Restait, parmi beaucoup d’autres, une question d’importance : la presse gratuite est-elle installée définitivement dans le paysage médiatique ? On sait que la perte de lectorat (hormis quelques exceptions) de la presse quotidienne « payante » ne date pas d’hier. Certes, la tendance ne s’est pas non plus inversée depuis l’arrivée des gratuits. On sait aussi que beaucoup de titres de PQR, dont La Voix du Nord, avaient eu une réaction défensive en créant leur propre titre. Ils donnaient ainsi l’impression d’espérer que la concurrence finirait par jeter l’éponge (3). La stratégie semble pourtant avoir été revue. Le réseau Villes Plus (regroupant Lille Plus, Lyon Plus, Marseille Plus, Bordeaux 7 et Montpellier Plus) s’est ainsi adossé au gratuit Matin Plus, créé à Paris (dans la douleur) par le groupe Bolloré et Le Monde. Le but est de récupérer des budgets publicitaires nationaux, qui leur faisaient défaut jusqu’à maintenant. L’avenir dira si cela suffira pour rendre bénéficiaires des titres ayant affiché des déficits conséquents, de plus d’un million d’euros pour Lille Plus par exemple.

Ludovic FINEZ

(1) La notion de gratuité de la presse mériterait à elle seule une analyse plus approfondie. Cette « gratuité » s’adosse en effet aux budgets publicitaires décrochés par ces journaux. Ces budgets ne naissent pas de nulle part. Quelque part, le consommateur des produits en question finance la presse « gratuite ». Tout comme la presse « payante » d’ailleurs, mais d’une façon moindre puisque celle-ci tire aussi une part de ses recettes des ventes. Quant à certains titres, en particulier la presse engagée, ils diffusent très peu de publicité. Parler de « presse payante » et de « presse non-payante » serait peut-être plus adapté.

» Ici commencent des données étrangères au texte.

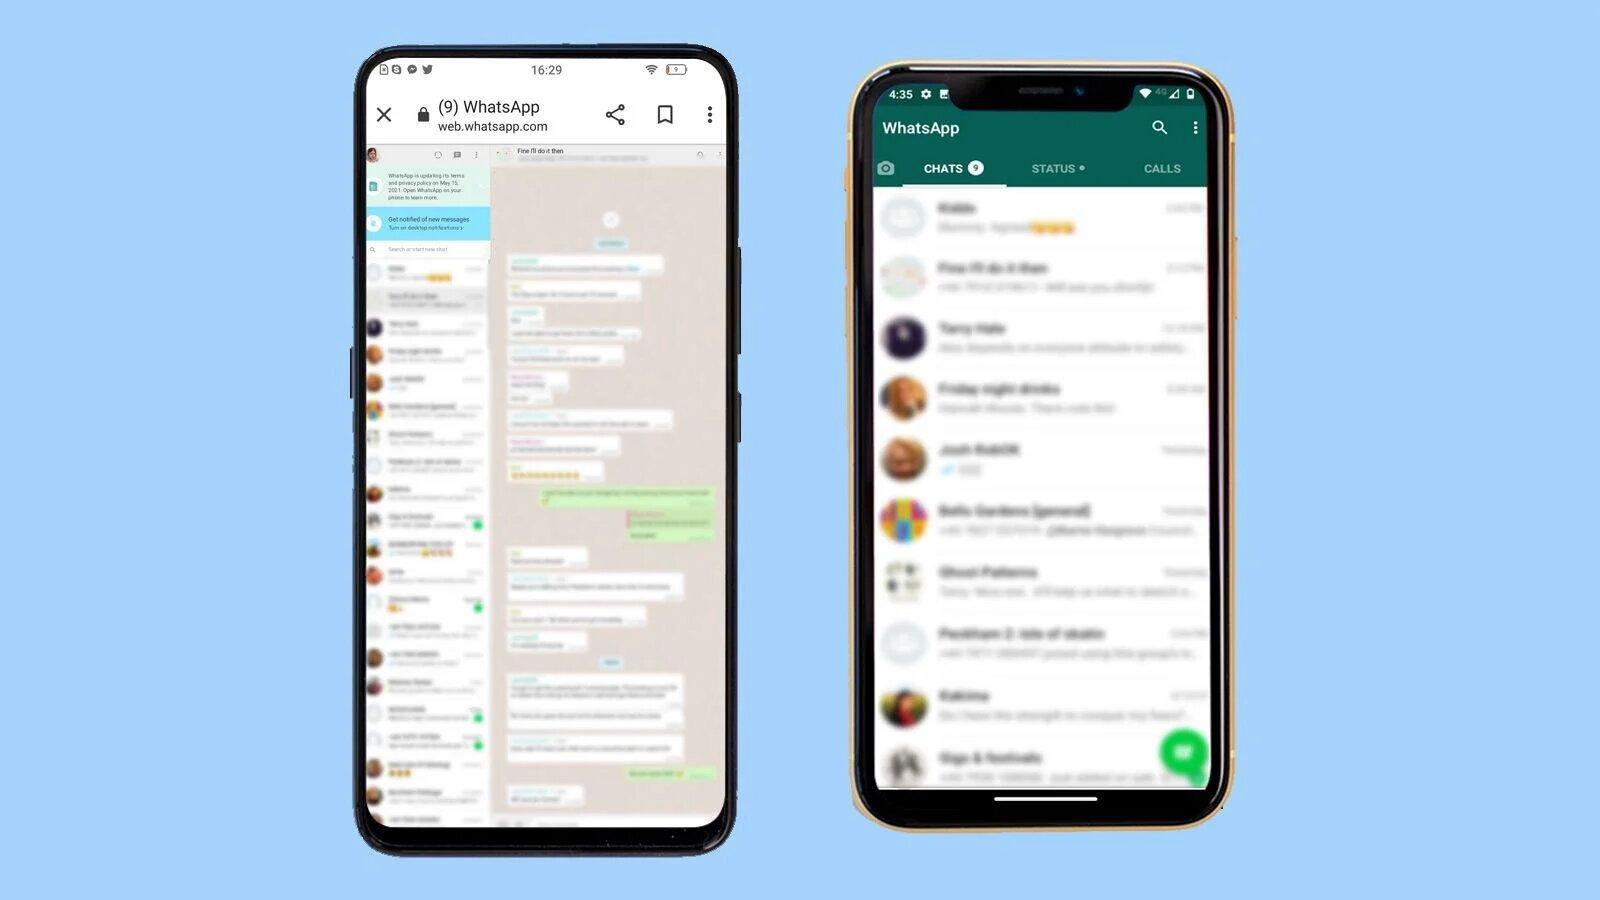 استفاده همزمان از یک حساب واتساپ روی دو گوشی

(2) Deux rencontres de ce type ont déjà été organisées au Club de la presse, avec les journalistes radio (lire l’article), puis les journalistes « Culture » (lire l’article). Lundi 2 avril, ce sera au tour des journalistes de télévision.

(3) Dans une interview donnée en 2004 au quotidien La Croix, André Soleau, à l’époque Pdg de La Voix du Nord, expliquait : « Lille-Plus est un exemple de réponse à la sortie des autres gratuits, afin d’occuper l’espace vital de la publicité ». « Distiller auprès du grand public l’idée que l’information est gratuite me paraît dangereux, avouait-il même de façon surprenante. Mais nous ne pouvions rester sans réaction. » « Il n’y a pas de place pour trois gratuits sur la métropole lilloise », concluait-il.

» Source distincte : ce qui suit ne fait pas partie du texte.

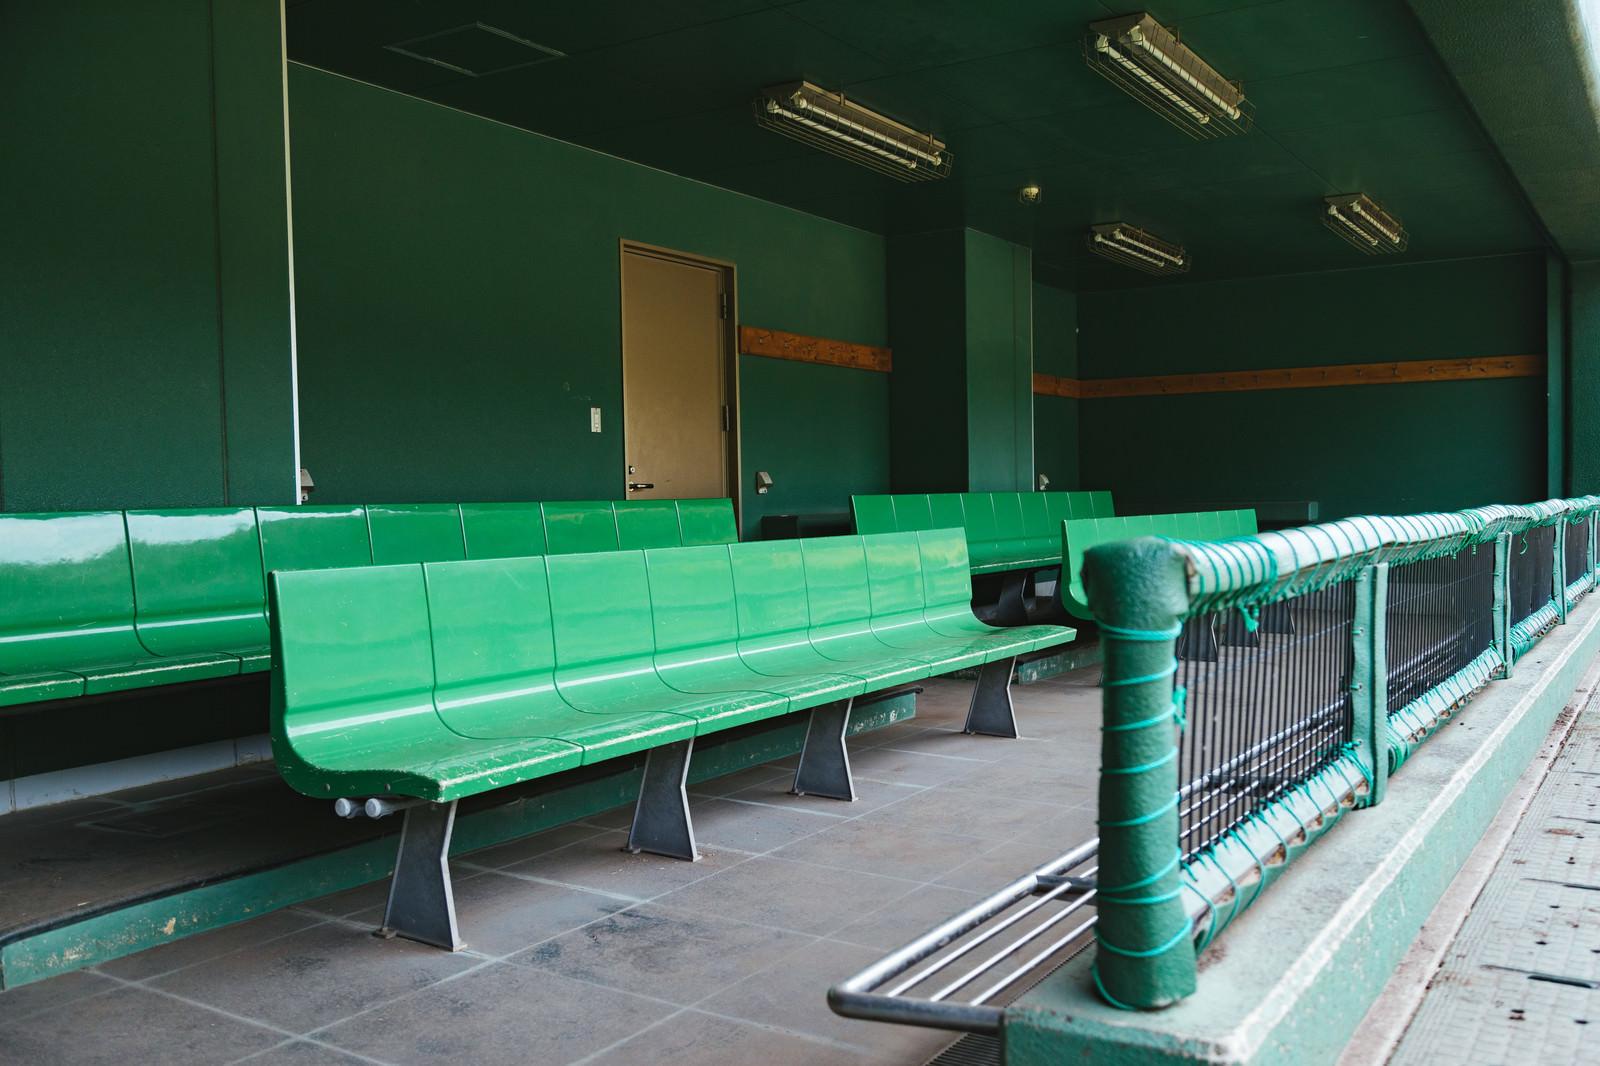 「天福球場のベンチ」の写真
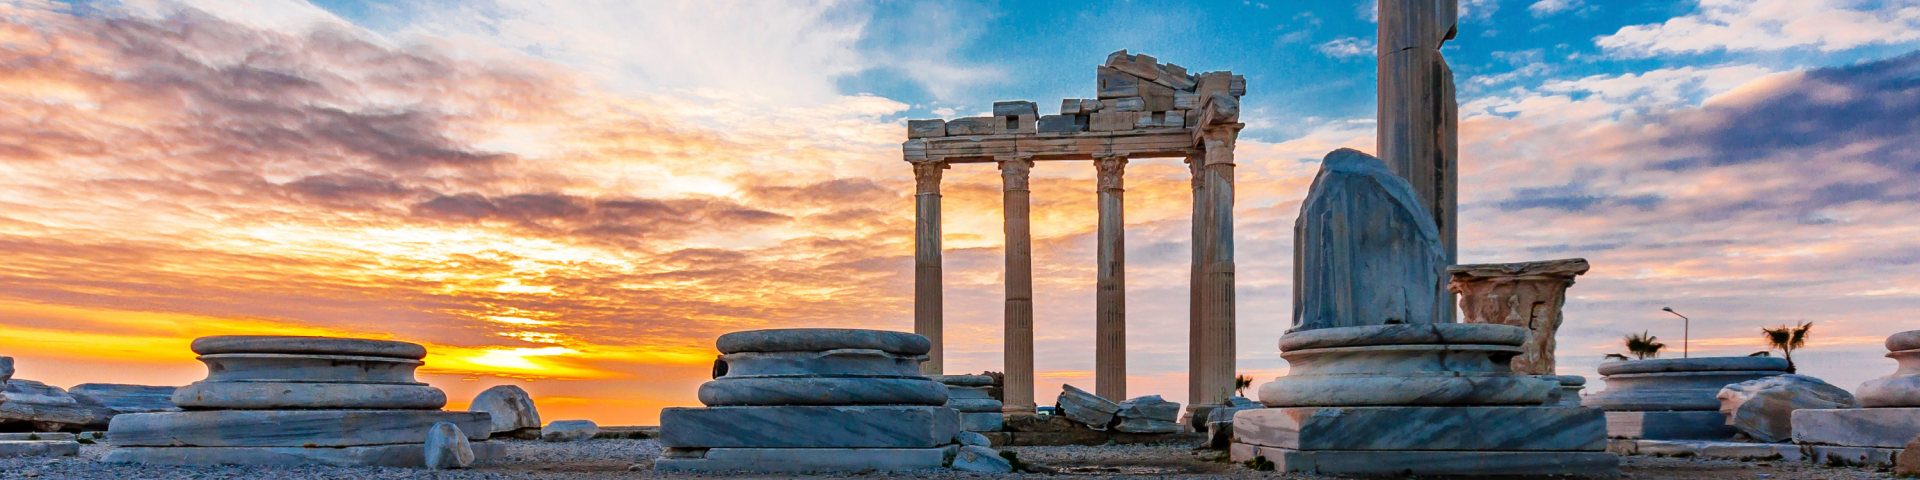 Kulturelle Sehenswürdigkeiten in Antalya

Des tirages de 55 000 à 70 000 exemplaires

La création de Lille Plus et l’arrivée à Lille de 20 Minutes et de Metro se sont jouées à quelques semaines près, il y a exactement trois ans. A l’époque, La Lettre du Club de la presse titrait d’ailleurs : « Trois prétendants pour une même cible ». Avec un tirage de départ de 65 000 exemplaires, l’édition lilloise de 20 Minutes atteint aujourd’hui les 70 000. Chaque jour, trois à cinq pages sont assurées par la rédaction lilloise, qui compte trois permanents, ainsi qu’une équipe de journalistes pigistes : trois photographes et une dizaine de rédacteurs. Metro, lui, tire à 60 000 exemplaires. Son équipe lilloise compte deux rédacteurs permanents, pour deux pages quotidiennes. Quant à Lille Plus, il tire à 55 000 exemplaires, pour une équipe de quatre journalistes. L’équipe, installée à Roubaix, réalise deux pages d’informations générales « Lille Métropole », une page et demie sur les sorties et prend part aux pages « Sports ». Concernant la diffusion, une remarque s’impose. Par définition, ces quotidiens ne peuvent que donner des chiffres de tirage (1). Or, bien souvent, en fin de journée (hormis peut-être pour 20 Minutes), certains présentoirs du métro restent bien garnis.

L. F.

(1) Pour la presse « payante », l’organisme agréé (OJD) collecte les chiffres de diffusion totale et de diffusion payée.